Поживой нам служил кафетерий при всех этих бараках. Мы озирались, не смотрит ли кто, а в особенности – не рыщут ли где наши полицейские друзья, проверяя нас; затем я пригибался, Реми ставил ноги мне на плечи – и вот он уже наверху. Он открывал окно, которое никогда не запиралось, поскольку он сам обеспечивал это по вечерам, пролезал внутрь и приземлялся на столе для замеса теста. Я был немного проворнее: просто подпрыгивал до окна и залезал сам. Затем мы с ним шли к фонтанчику с газировкой. Здесь, осуществляя свою мечту с самого детства, я снимал крышку с ящика шоколадного мороженого, засовывал туда руку по самое запястье и извлекал наружу целую пригоршню, а потом слизывал. Мы брали стаканчики, набивали их мороженым, поливали сверху шоколадным сиропом, а иногда – и клубничным тоже, потом ходили по всей кухне, открывали холодильники и смотрели, нельзя ли чего прихватить с собою в карманах. Я частенько отдирал кусок ростбифа и заворачивал в салфетку.
– Знаешь, что сказал президент Трумэн? – говорил Реми. – «Мы должны подрезать стоимость жизни».
Как-то вечером я долго ждал, пока он наполнит всякими крупами здоровенную коробку. Потом мы не смогли вытащитъ ее через окно. Реми пришлось выложить все обратно и расставить по местам. Позже, ночью, когда его дежурство уже закончилось, а я оставался на территории совсем один, произошла странная штука. Я пошел прогуляться по старой тропе в каньоне в надежде увидеть оленя (Реми там встретил одного, эта местность была еще дикой даже в 47-м году), как вдруг услыхал в темноте наводящий ужас шум. Кто-то фыркал и отдувался так, что я подумал: оттуда на меня надвигается носорог. Я схватился за пистолет. Из мрака каньона вынырнула высокая фигура – у нее была громадная голова. Внезапно я понял, что это Реми с ящиком крупы на плече. Он стонал и кряхтел под его тяжестью. Где-то он нашел ключ от кафетерия и вынес свою бакалею через парадный вход.

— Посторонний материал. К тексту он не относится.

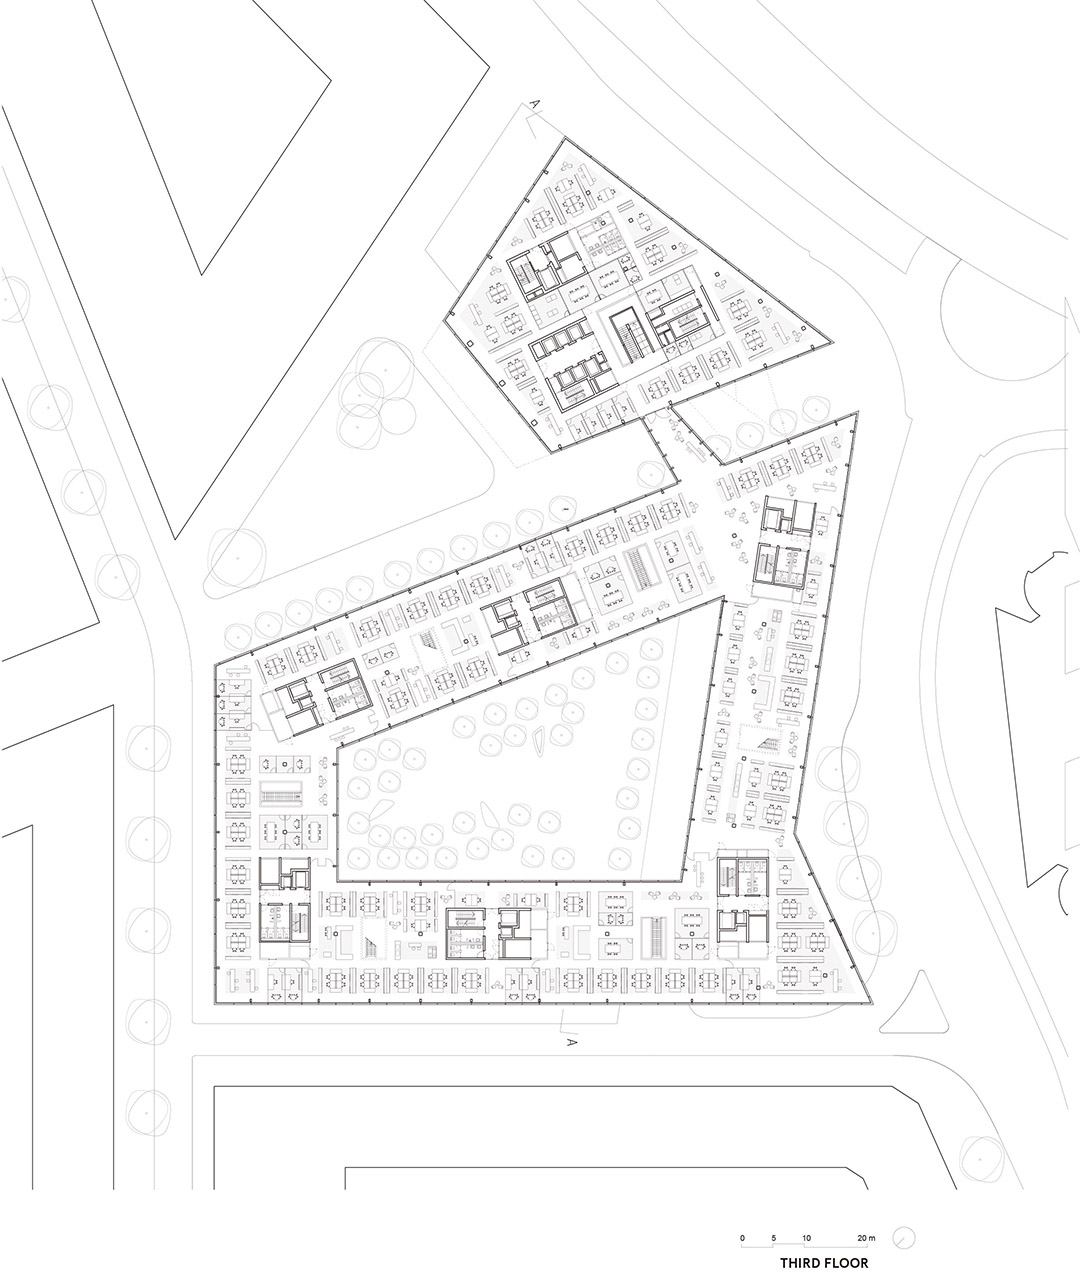 安联总部办公楼维尔阿雷兹建筑事务所Allianz Headquarters  Wiel Arets Architects (2)

Я сказал:
– Реми, я думал, ты уже давно дома, какого черта ты тут делаешь?
А он ответил:
– Парадайз, я несколько раз уже говорил тебе, что сказал президент Трумэн: мы должны подрезать стоимость жизни. – И он попыхтел и покряхтел дальше, в темноту. Я уже рассказывал про эту ужасную тропинку к нашей хибаре – то вверх, то вниз. Он спрятал ящик с крупой в высокой траве и вернулся ко мне:
– Сал, я один не могу. Я разделю на две коробки, и ты мне поможешь.
– Но я на дежурстве.
– Я тут посторожу, пока ты ходишь. Вокруг становится все круче и круче. Надо приспосабливаться как только можно – и все дела. – Он вытер лицо. – Ф-фу! Я уже сколько раз тебе говорил, Сал: мы – кореша, мы завязаны вместе. Другого выхода у нас нет. Все эти достаёвские, легавые, ли-энны, все эти долбари поганые по всему свету ополчились на нас и только и думают, как бы нас отыметь. И никто, кроме нас самих, не проследит, чтобы никакие пакости не замышлялись. У них-то еще много чего припрятано в рукаве, кроме немытых рук. Не забывай об этом. Старого маэстро новой песне не научишь.
Я смог наконец спросить:
– А как по части нам с тобой выйти в море? – Мы били баклуши уже больше двух месяцев. Я зарабатывал пятьдесят пять колов в неделю и отправлял тетке что-то около сорока. За все это время я провел в Сан-Франциско всего один вечер. Вся моя жизнь ограничивалась этой хижиной, ссорами Реми с Ли-Энн да ночами, проведенными в бараках.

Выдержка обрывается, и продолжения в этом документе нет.